About the middle of the seventeenth century an Italian scientist named Torricelli, living at Pisa, suggested an experiment to discount the theory that nature abhorred a vacuum. Torricelli believed that nature’s supposed horror of a vacuum was caused simply by atmospheric pressure. In a famous experiment, first performed in 1643, he set up the first barometer, an instrument for measuring the pressure of the air. In the laboratory a simple barometer can be made by taking a stout-walled glass tube about a metre long and closed at one end, and filling it almost to the top with clean mercury. This is done with the aid of a small glass funnel and short length of rubber tubing. Small air bubbles will generally be noticed clinging to the walls of the tube, and these must be removed. With the finger placed securely over its open end, the tube is inverted several times so that the large air bubble left at the top of the tube travels up and down, collecting the small bubbles on its way. More mercury is then added so that the tube is completely full. The finger is again placed over the open end of the tube, which is now inverted and placed vertically with its end well below the surface of some mercury in a dish (Fig. 10.12).

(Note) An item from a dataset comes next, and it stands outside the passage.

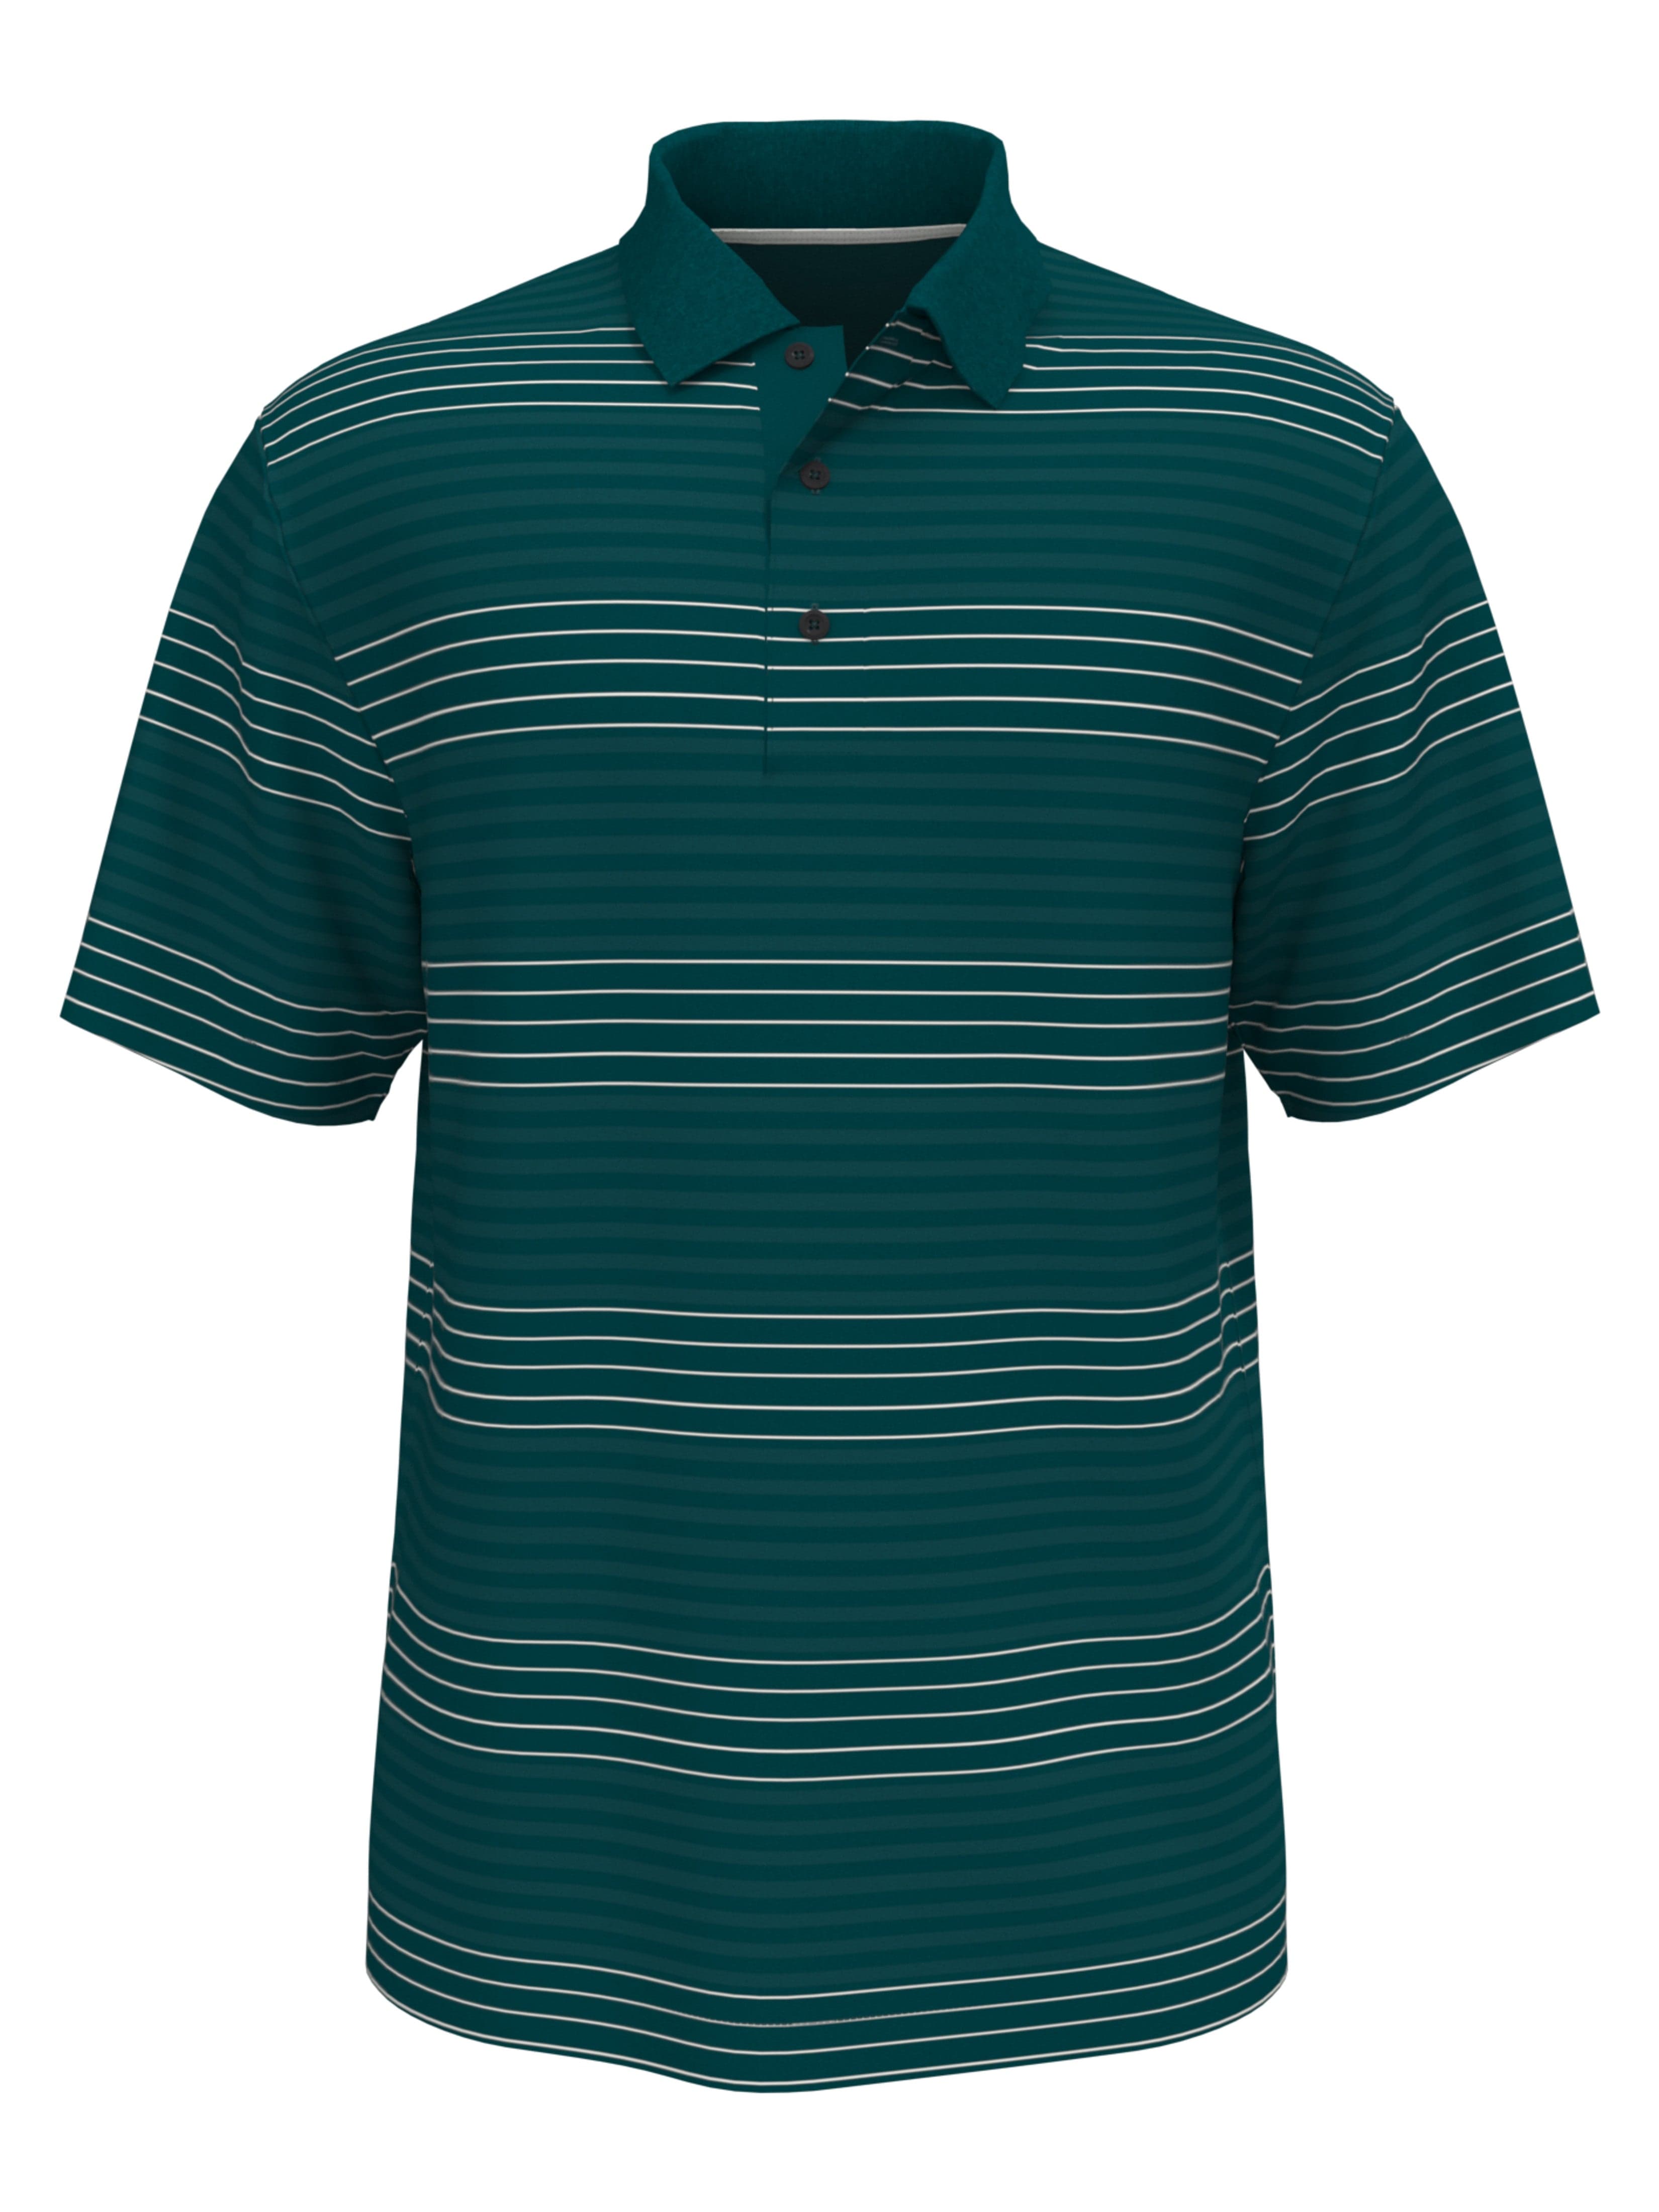 Jack Nicklaus Mens Shadow Energy Stripe Polo Shirt, Size XL, Atlantic Deep Green, 100% Polyester | Golf Apparel Shop

Torricelli's experiment. Simple barometer

Torricelli’s experiment. Simple barometer

The finger is then removed and the column of mercury in the tube falls until thevertical difference in level between the surfaces of the mercury in tube and dish i about 760 mm. The vertical height of the mercury column remains constant even when the tube is tilted, unless the top of the tube is less than 760 mm above the level in the dish, in which case the mercury completely fills the tube. Torricelli explained that the column of mercury was supported in the tube by the atmospheric pressure acting on the surface of the mercury in the dish, and pointed out that small changes in the height of the column, which are noticed from day to day, are due to variations in the atmospheric pressure. The space above the mercury in the tube is called a Torricellian vacuum; it contains a little mercury vapour, and in this respect differs from a true vacuum.